Si vous adoptez la majoration proposée, les fonds doivent être aussi libres dans les mains du gouvernement que l'allocation générale.

M. de Steenhault. - Messieurs, l'année dernière quand j'ai proposé une augmentation de 100,000 fr. pour la voirie vicinale, j'ai dit combien il était important de terminer les travaux commencés, car beaucoup se détériorent dans l'état où on les laisse, et si on ne les achève pas ils seront entièrement perdus.
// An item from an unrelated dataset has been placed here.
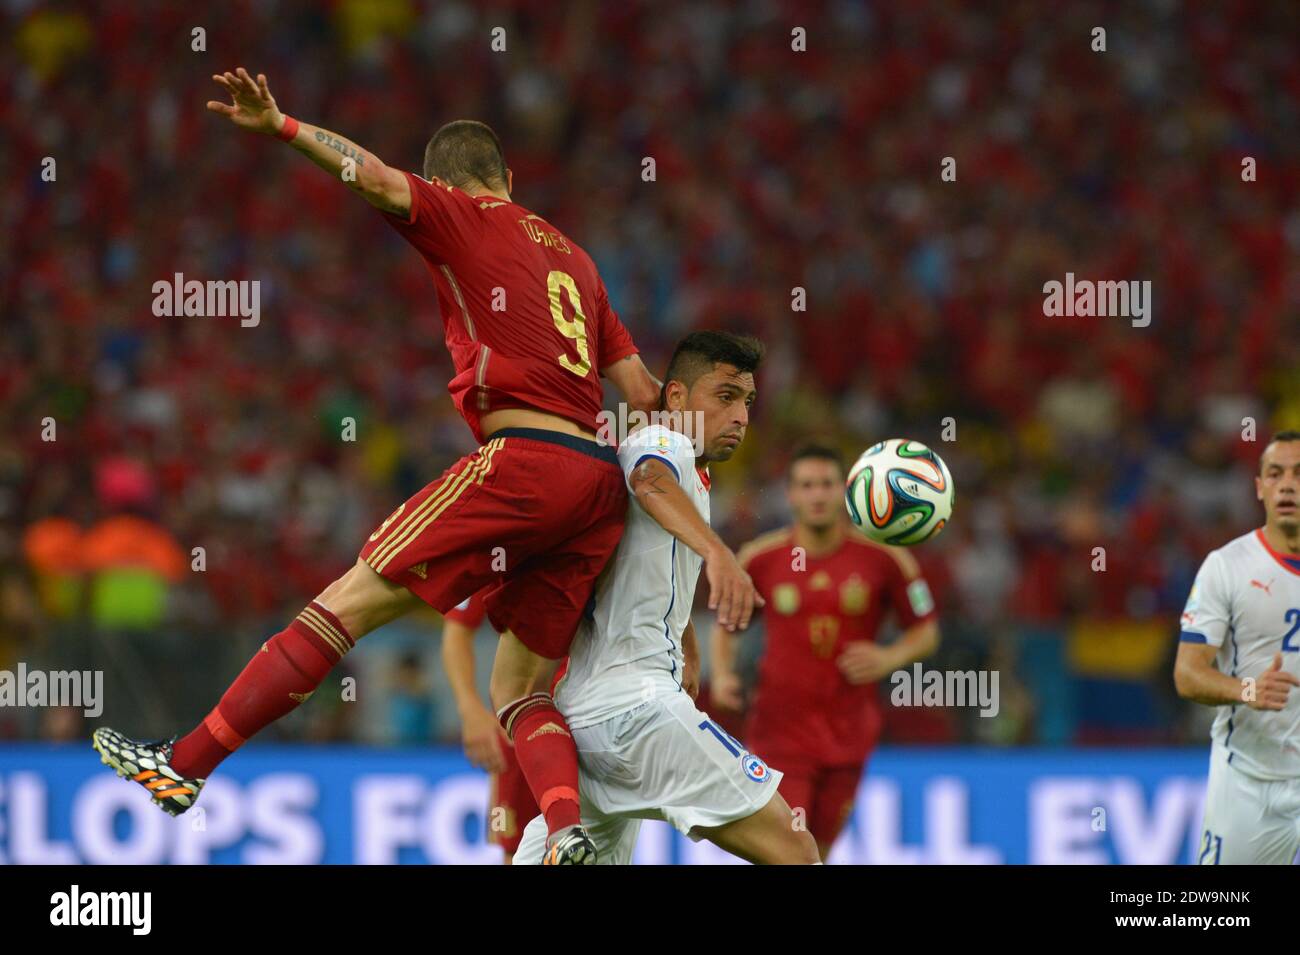 Spain's Fernando Torres battling Chile's Gonzalo Jara during Soccer World Cup 2014 First round Group B match Spain v Chile at Maracana Stadium, Rio de Janeiro, Brazil , on June 18, 2014. Chile won 2-0 and ousted the defending champions from the competition. Photo by Henri Szwarc/ABACAPRESS.COM Stock Photo

M. Bidot a trouvé des chemins en construction couverts d'un pied de terre et de boue ; si vous ne les achevez pas, ce seront des travaux perdus ; vous aurez fait des sacrifices considérables pour la voirie vicinale, et ce sera à recommencer. Je ne pense pas qu'on puisse s'opposer à ce que l'augmentation proposée soit affectée à l'achèvement des travaux commencés.
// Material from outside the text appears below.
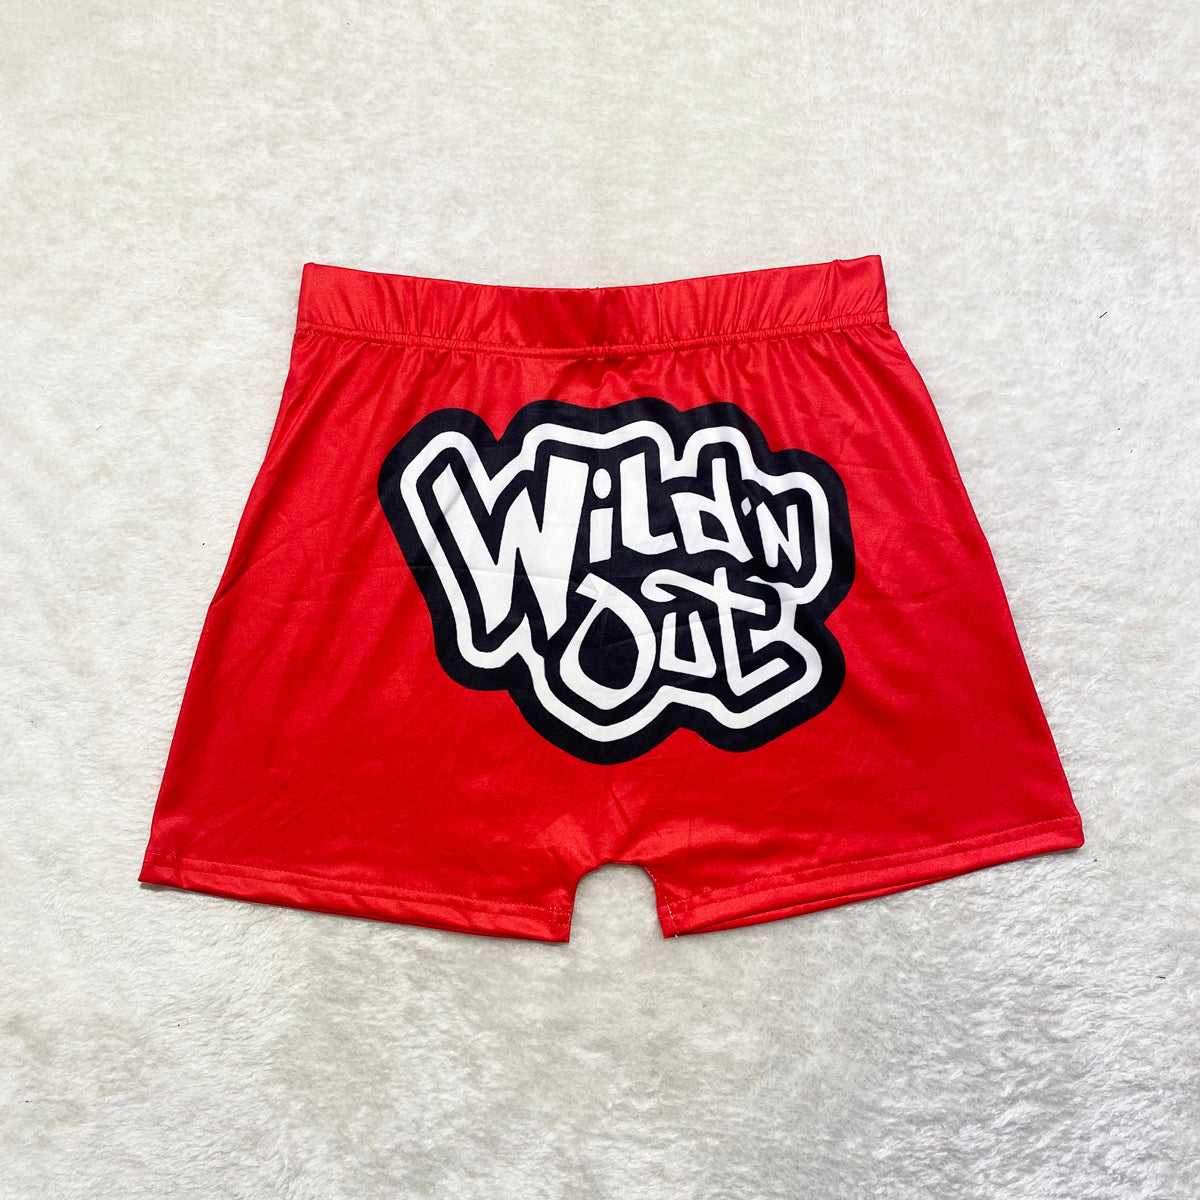 “Wild’n Out” Shorts

- L'amendement n'est pas adopté.

- Plusieurs voix. - La clôture ! la clôture !

M. de La Coste. - Je demande la parole contre la clôture.
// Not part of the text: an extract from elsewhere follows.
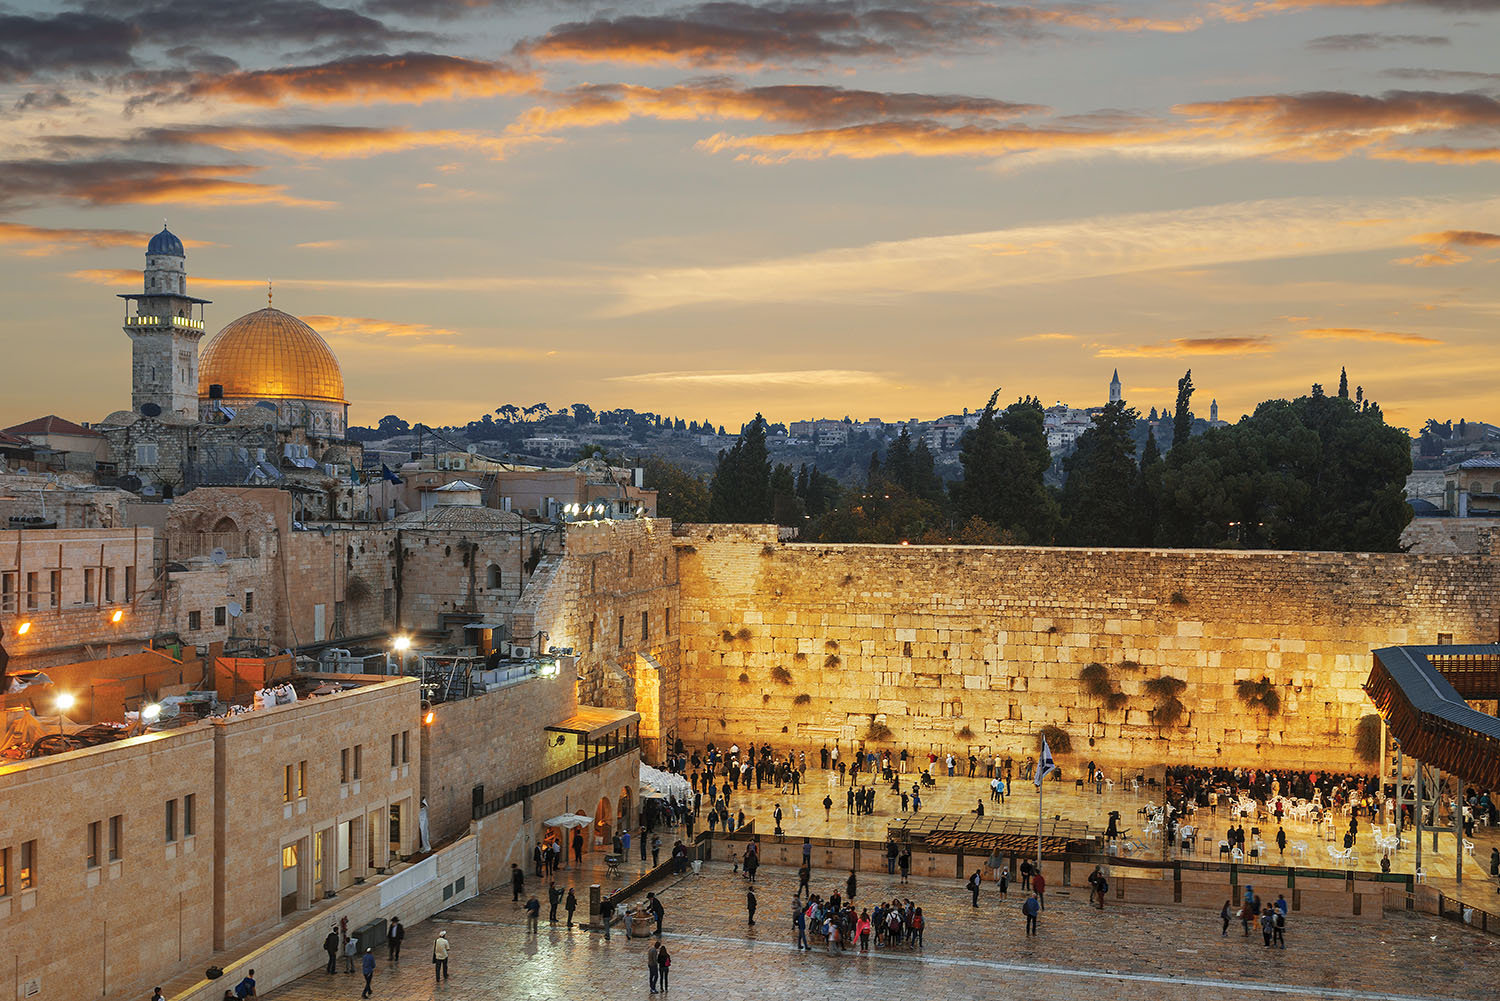 Wailing Wall - Dome of the Rock Travel Jigsaw Puzzle

Suivant le conseil de l'honorable M. Tesch, je suis prêt à remettre ma réponse à la session prochaine. Je veux seulement constater que j'ai frappé si juste que M. Tesch a nommé la province de Luxembourg et l'arrondissement de Louvain dont je n'avais pas parlé.

M. Frère-Orban. - Je n'ai rien à dire sur la clôture ; je voulais faire une simple observation sur ce que l'honorable M. Osy a dit pendant que je n'étais pas ici. Je ne veux pas discuter la question qu'il a soulevée, mais uniquement faire une réserve. Je demande à la Chambre la permission de l'énoncer.

M. Osy. - Je n'ai aucune raison pour empêcher M. Frère de parler ; mais comme je n'ai dit que deux mots en passant de la situation financière, si l'honorable membre entre dans la question, je serai obligé de demander la parole pour lui répondre. Je l'engage à laisser cette discussion pour le moment, nous aurons occasion de la reprendre dans très peu de jours.

M. Frère-Orban. - Si la Chambre le permet... (Interruption.)

Je dirai, à propos de la demande de clôture, que M. Osy ayant introduit incidemment dans la discussion un point important sur lequel je crois devoir faire des réserves, je demande à être autorisé à les produire.

Je ne veux pas discuter, je me bornerai à déclarer en deux mots que les énonciations de M. Osy sont de tous points inexactes.

- La clôture est mise aux voix et prononcée.

- Plusieurs voix. - L'appel nominal ! l'appel nominal !

M. le président. - Deux amendements sont présentés.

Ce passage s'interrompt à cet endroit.